Television As A Shared Experience
This post might seem like it's about Breaking Bad, but it's really about television as an art form. There are no spoilers until the end where it's clearly marked, so most of this post is safe for anyone to read.
I haven't felt this way in 6 years, 2 months, and 8 days.
I remember the weeks leading up to July 21, 2007. All the theories. All the speculation. Who will live? Who will die? It was the topic of most of my conversations for a brief period of time.
And then Harry Potter and the Deathly Hallows was published. After investing hundreds of hours reading and re-reading the books, watching the movies, and talking about what had happened and what might happen, the series ended.

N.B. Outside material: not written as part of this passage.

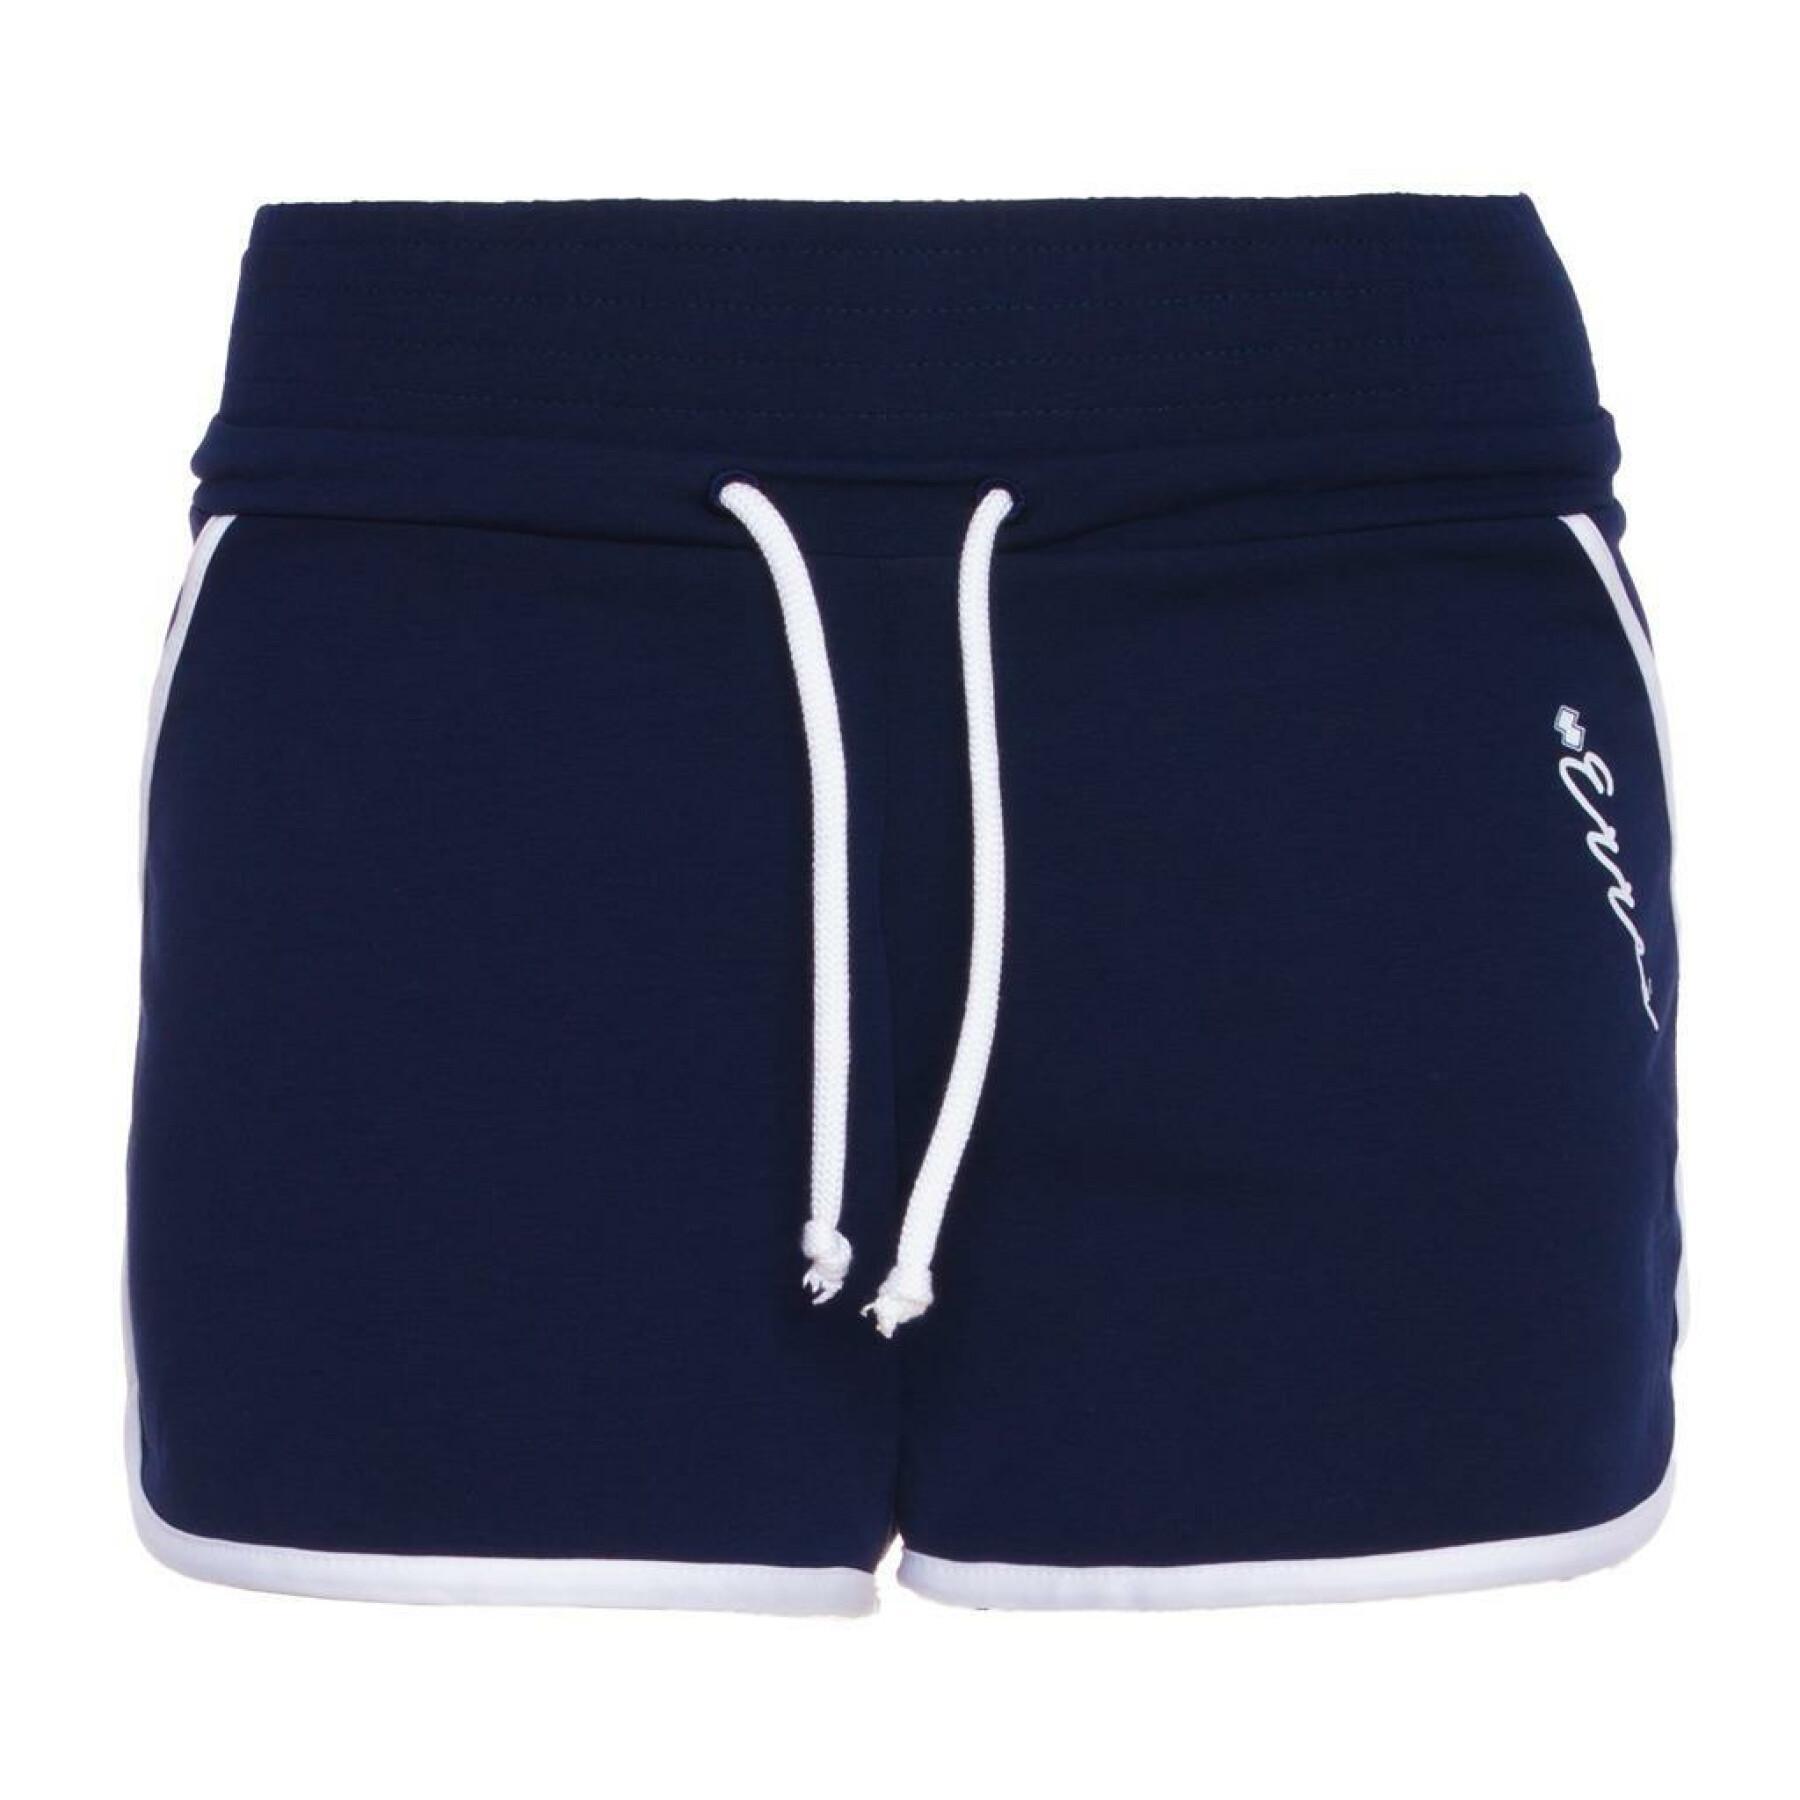 Women's shorts Errea essential

And I, like everyone else, experienced that ending alone. Because that's how the medium works. With literature, everything surrounding the story can be a shared experience, but the story itself is a personal one.
It was a similar, albeit condensed, experience for me leading up to the finale of Breaking Bad. I started watching the show about two years ago, at which point I binge-watched the first three seasons on Netflix in three days. And, just like when I started reading Harry Potter, I didn't know many people who had experienced this story yet.
But then, as the series started wrapping up, that all started to change. Many of my friends caught up on the show over the summer and were ready for the final eight episodes. Those people experienced the same thing that I had experienced years before.
And then we talked about it. We speculated. Who will live? Who will die? It was the same thing that happened 6 years ago. I've had many conversations about Breaking Bad with people I had just met. One of the best ways to start getting to know someone is to use a common bond as the starting point. With anyone who watched Breaking Bad, this was that common bond between us. We were on the same ride together, and we were equally excited for the rest of it.
And then the show went out in one glorious finale. But this time it was different. This time I wasn't alone. I was surrounded by at least a dozen of my friends. We were eating fried chicken, which we pretended was from Los Pollos Hermanos. There were moments when we gasped. There were moments when we cheered. There were moments when our hearts stopped.
We were together through the weeks of endless anticipation, and we were together for the ending.
That's something you only get with television. Books can certainly build up anticipation, but everyone experiences the story by themselves. Movies certainly have that whole "shared experience" thing going for them, but there's no way to talk about it throughout the story's progression.
With television, you get both. I've probably spent close to a hundred hours watching the episodes, re-watching them with friends who need to catch up, talking about the show with friends, talking about it with strangers, reading forums online, and coming up with my own theories about what will happen.
Spoilers ahead
And after all that, I watched the finale with people I care about. And we shared the experience together. We gasped as the machine gun in Walt's trunk killed Jack's gang. We cheered at the TV as Jesse strangled Todd. Our hearts stopped as Walt fell to his death surrounded by the meth lab that Jesse had built.
Those moments, moments that we all experienced together… that's what made it all worth watching.
To Vince and the entire cast and crew: Thank you for giving us this shared experience.